My Students Get Inequalities

Jose VilsonResources5 Comments

I just started reading Linda Darling-Hammond’s The Flat World and Education (which should be called A Professorial Whoop-Ass on Equity) while doing laundry when I got to reflecting on my week. This week, most of my struggles came from trying to understand how my personal actions led to some of the triumphs and failures for my students. Things I felt were happening in some of my students’ lives created roadblocks to the journey of my understanding of them. These things were somewhere in the background, humming at me until others revealed it to me in pieces.

After a visit to my classroom, I asked my fellow teacher to give me feedback on the class. I knew I did well that week, and it showed based on the various tasks I gave to my students. After she gave me some commendations and recommendations, I simply nodded and appreciated the conversation I had with my set of 8th grade math teachers. Usually, our conversations sizzle with math pedagogy and cackles, but today, I decided to share a jewel with my colleagues as the math coach:

“I don’t want to get too deep, but, you know, after all these units, my students know and understand inequalities. They really understand what inequalities are. Now, they have a hard time with the word problems, but they’re pretty good at the other pieces.”


So when some of my students walk in late because they barely slept, because their parents didn’t care enough to give them a solid home, because they can’t see the line between being silly and being misbehaved, then they understand why they’re treated as they are. They see their culture both physically and mentally as deviant since the major society reinforces the majority culture as the one to follow instead of having enough self-confidence to not rely on the ethereal gifts of the present.

Because they can so readily make these type of comparisons, their lack of balance makes inequality a foregone conclusion. Thus, we use symbols that represent “greater than,” “less than,” and, for the more advanced, “not equal.”

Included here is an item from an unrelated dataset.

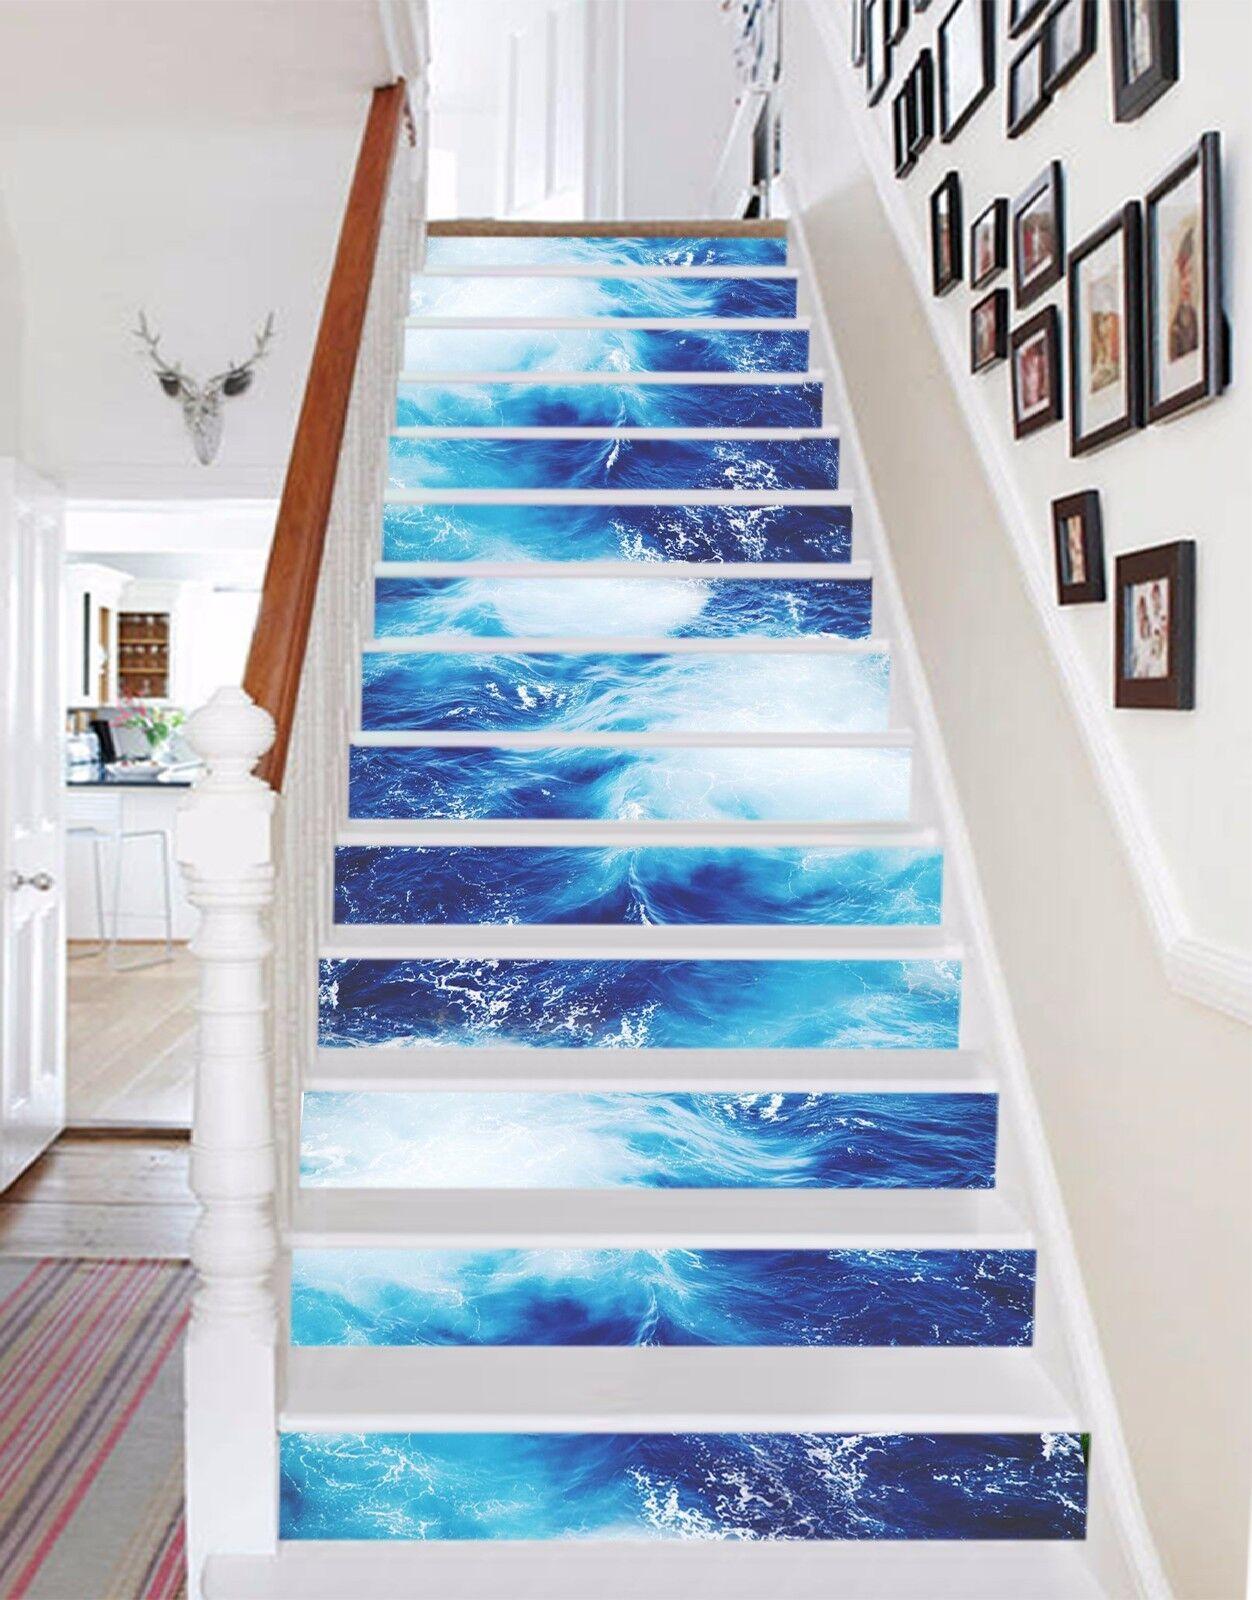 3D 3D 3D Ocean 635 Stair Risers Decoration Photo Mural Vinyl Decal Wallpaper UK c1f92a

Jose, who wants my students to do better with word problems …

Comments 5

  1. In so many instances I truly think our students do get it. While we talk about it sometimes we get it and then on other ocassions we actually GET IT. Today I had a discussion with our head counselor about the number of students that are hanging on with the idea of “If I can just get to school I will be OK.” and yet some of our faculty are unable to relate to that at all. One of the things I tell faulty when I get a chance to talk during inservice at the beginning of the year is simply “Always remember, you just might be the best thing in that child’s ife that day.” Most get it but some just don’t. Thanks for this, always a good reminder about who we actually serve.

    Also, sorry I wasn’t at Educon to meet you in person, but it didn’t take me long to find you and follow along.


  2. They get inequalities. They always have. I taught grades 7-12 in Harlem and Brooklyn, and from my experience, they were waiting for their teachers to look up from grading papers and understand the inequalities, and possibly do something about them.

  3. Post

    Paul and everyone else, thanks for following along in any case.

    Equality, Matt? Perfect. And furthermore, we’ll be good.

    David, I didn’t know about that federal commission. Tell me more.